When the man paled and gasped, Strong Wolf smiled slowly again. “Now do you see why it would have been best had you heeded the warnings of my warriors when they first came to you and told you that you were trespassing? At that time you could have saved all but your houses when you left,” he said somberly. “Now you lose everything but yourselves and the steeds that carry you away.”

“Please don’t. . . .” the man pleaded. “It has taken a lifetime to build up our possessions into something worthwhile. Please let us get them before we leave.”

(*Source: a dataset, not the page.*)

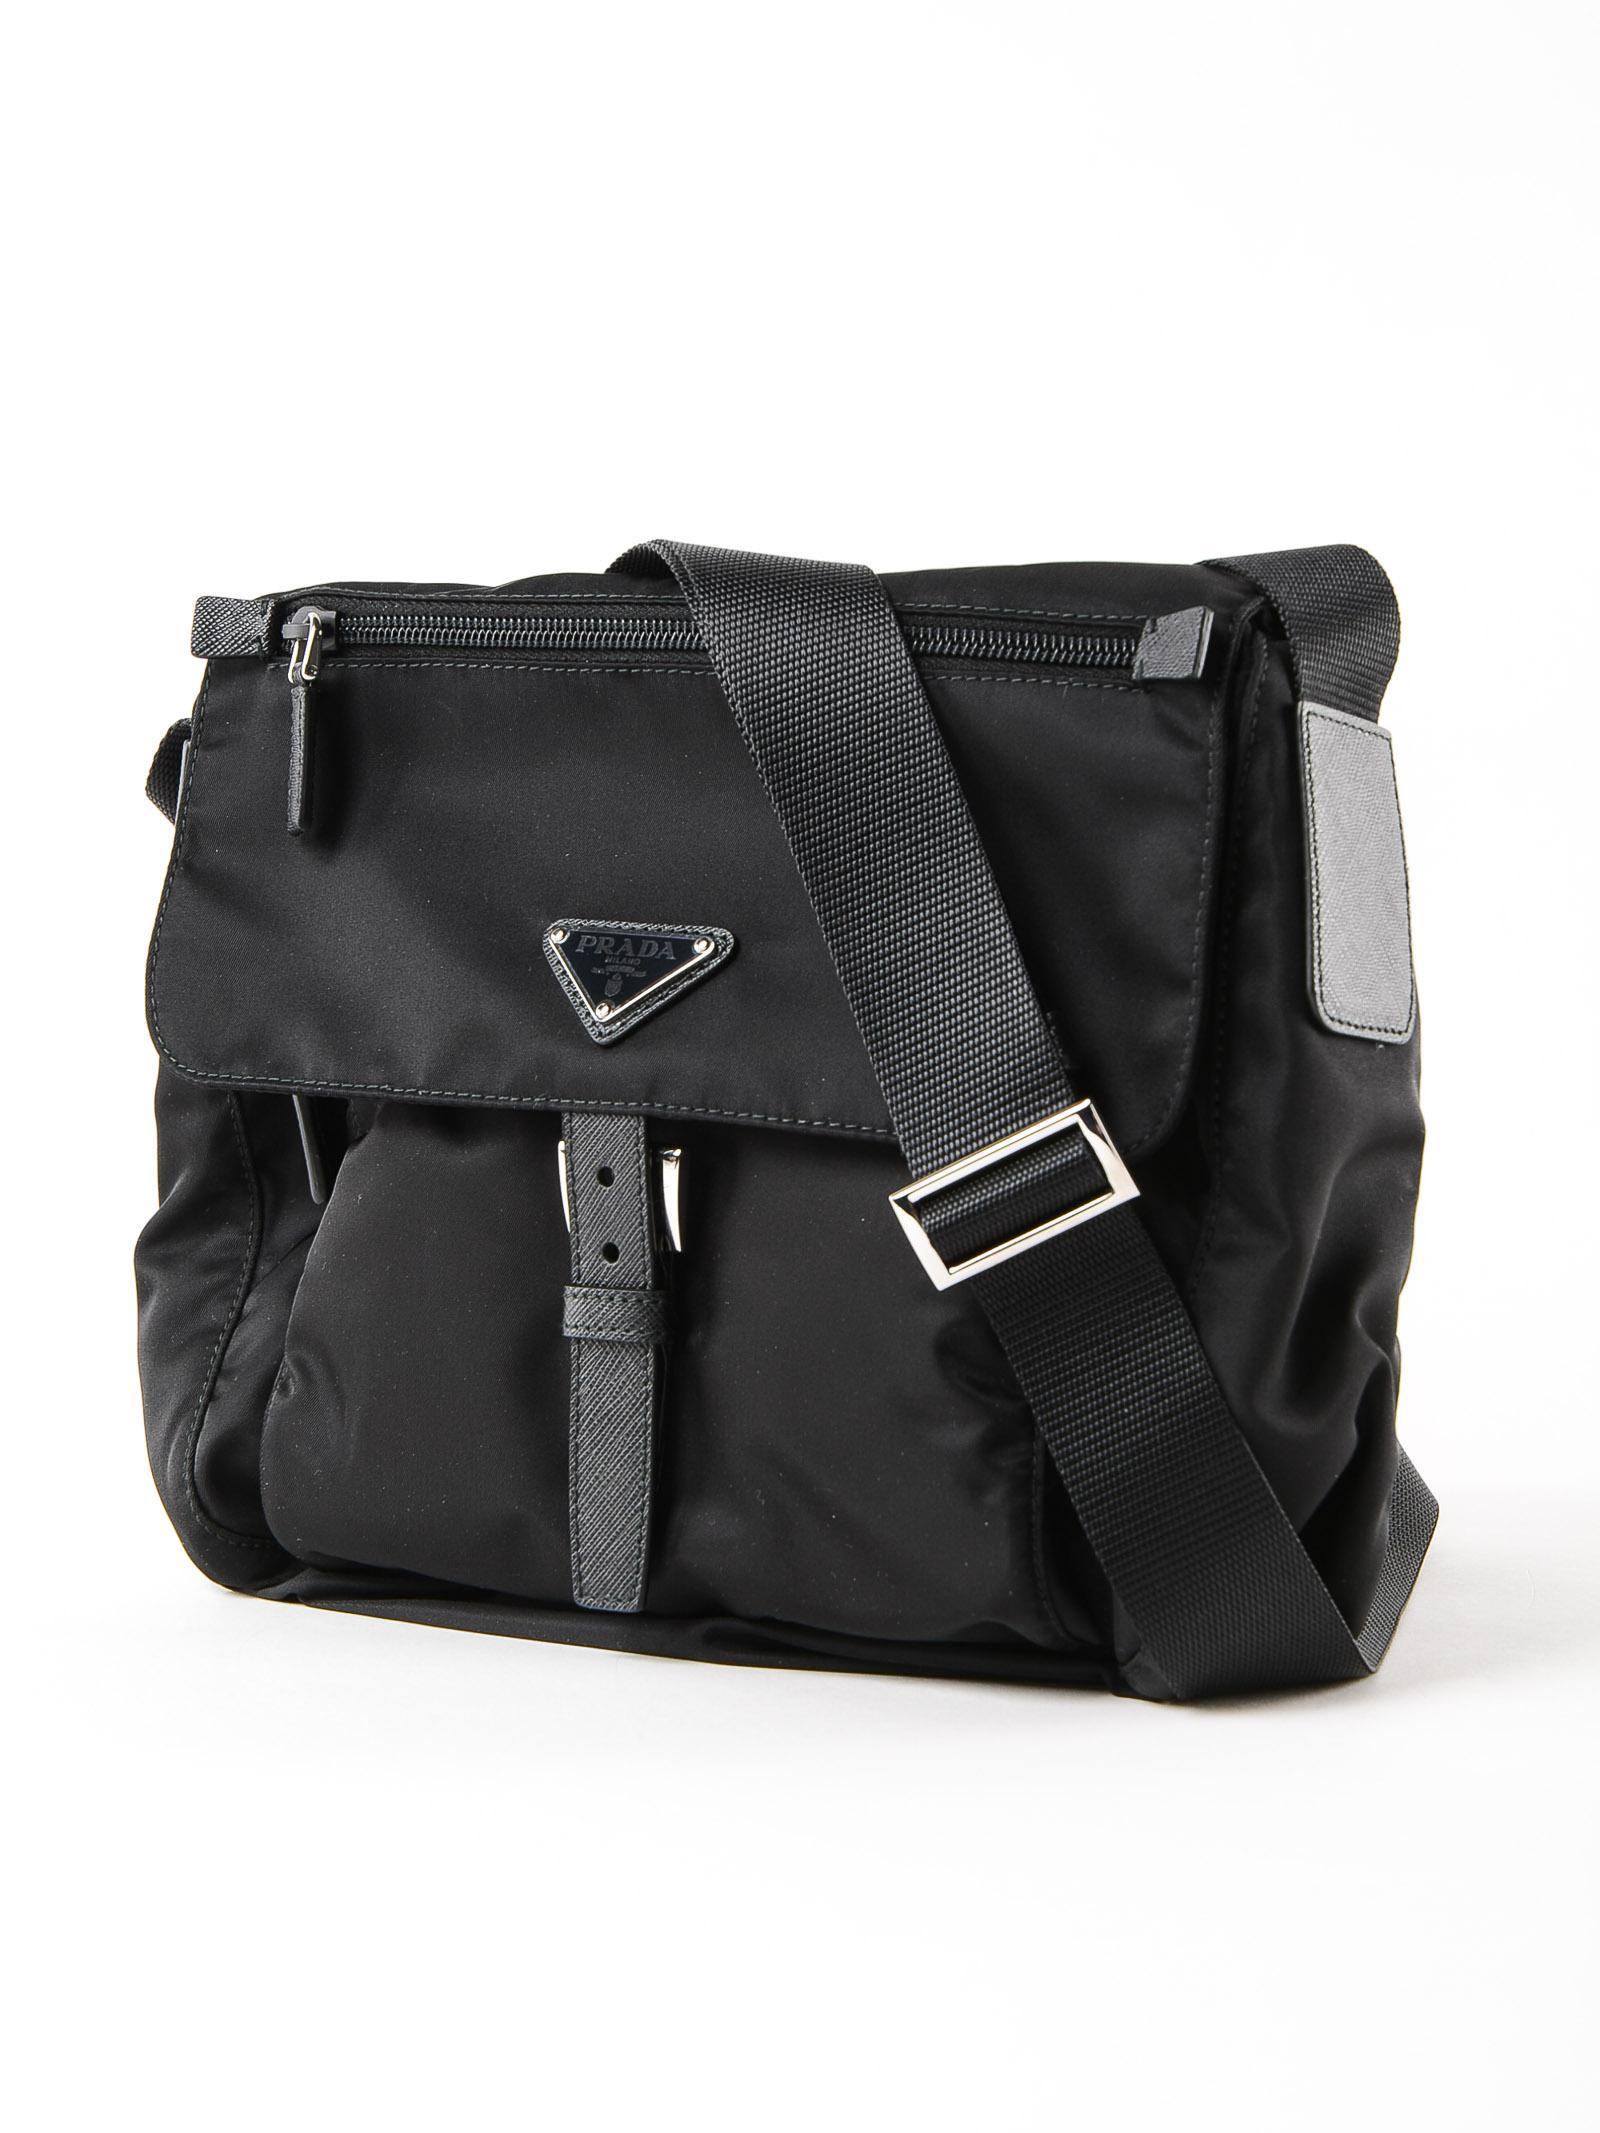 844bfa1fbfc9 Prada Shoulder Bag Vela in Black - Lyst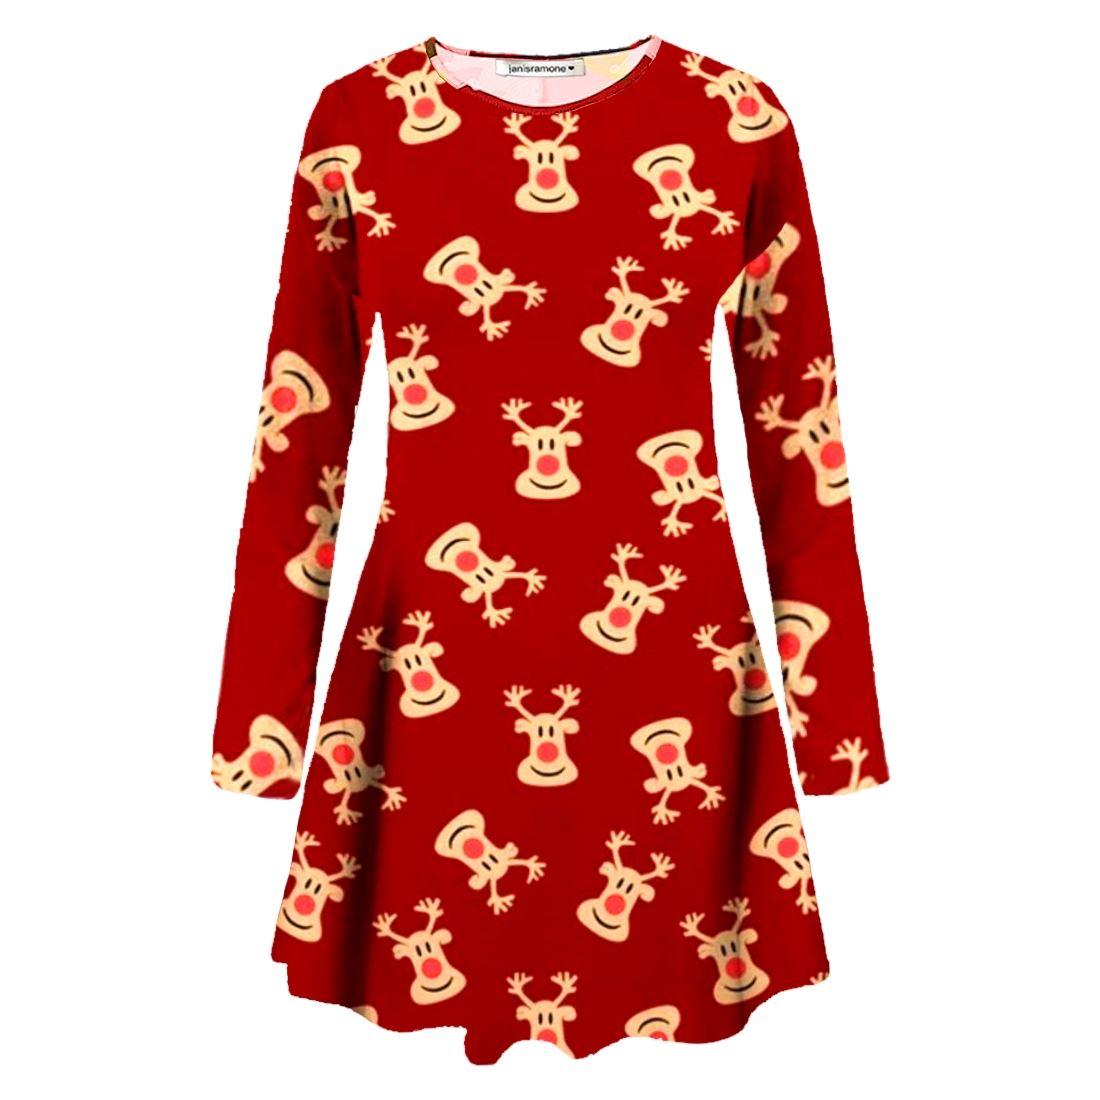 New-Womens-Christmas-Santa-Snowman-Penguin-Gift-Maternity-Xmas-Swing-Dress-UK

“It has taken the Potawatomis a lifetime to gain respect from the whites, and still we do not have it. Why should this Potawatomis chief be generous to you who would again take from us what is ours?” Strong Wolf said, raising his rifle threateningly into the air.

“No!” Strong Wolf then shouted. “Nothing but your skin and bones and your steeds will be saved. Feel blessed for even that, for at this moment I feel vengeance inside my heart more than I have ever felt it before in my life. It sickens me to think that you, just because you are white, feel that you can take from us, whose skin is red. You have been misguided in that logic, white man. Now leave! And do not go to the fort with your complaints. I soon will be there myself to tell them what happened here today. You are thieves. Do you wish to be hanged over this land that was not yours?”

“No, I . . . we . . . don’t wish anything now but to be able to go on our way, alive,” the man stammered. He turned and ran to his children and swept one up in each of his arms. He shouted at his wife to follow him. The other man and woman and children also ran off in a panic.

Strong Wolf’s heart ached to know that he had been placed in the position to treat people so unfairly, for he knew that he should have allowed them to take their possessions.

But lessons must be taught so that these white people might not try to repeat their thievery elsewhere.

He rode slowly behind the people, his warriors fol

lowing him. When he reached their small plots of land, where they had built neat cabins side by side, Strong Wolf stopped and waited for them to leave.

After they were gone, he gestured toward the cabins with his rifle. “Burn them to the ground!” he shouted as he looked over his shoulder at his warriors.

He sat glumly quiet in his saddle until the cabins were only smoldering ashes, then rode on to the next squatter’s land and again supervised the burning of the lodge, until all of the whites were gone, and all of their lodges were destroyed.

“It is done except for facing the colonel at Fort Leavenworth!” Strong Wolf shouted, again waving his rifle in the air. “Let us go and introduce ourselves to him in the right way!”

His warriors whooping and hollering on all sides of him. Strong Wolf rode off toward the fort.

Just before arriving, he drew his reins tight and wheeled himself around to face his men. “Place your rifles in their gun boots,” he said somberly. “We must arrive at the fort with dignity. We also do not wish to enter the fort’s gates with war cries on our breath! We must remember, at all costs, that the young colonel sees us as peacemakers. We must make him understand why the settlers’ homes were destroyed, and why they were forced from our land!”

His men nodded. Then they rode onward.

When they reached the fort, there was a commotion of activity, for the soldiers had seen the fires in the distance and were prepared to go and see what had caused them.

Strong Wolf and his men blocked the gate so the soldiers could not leave.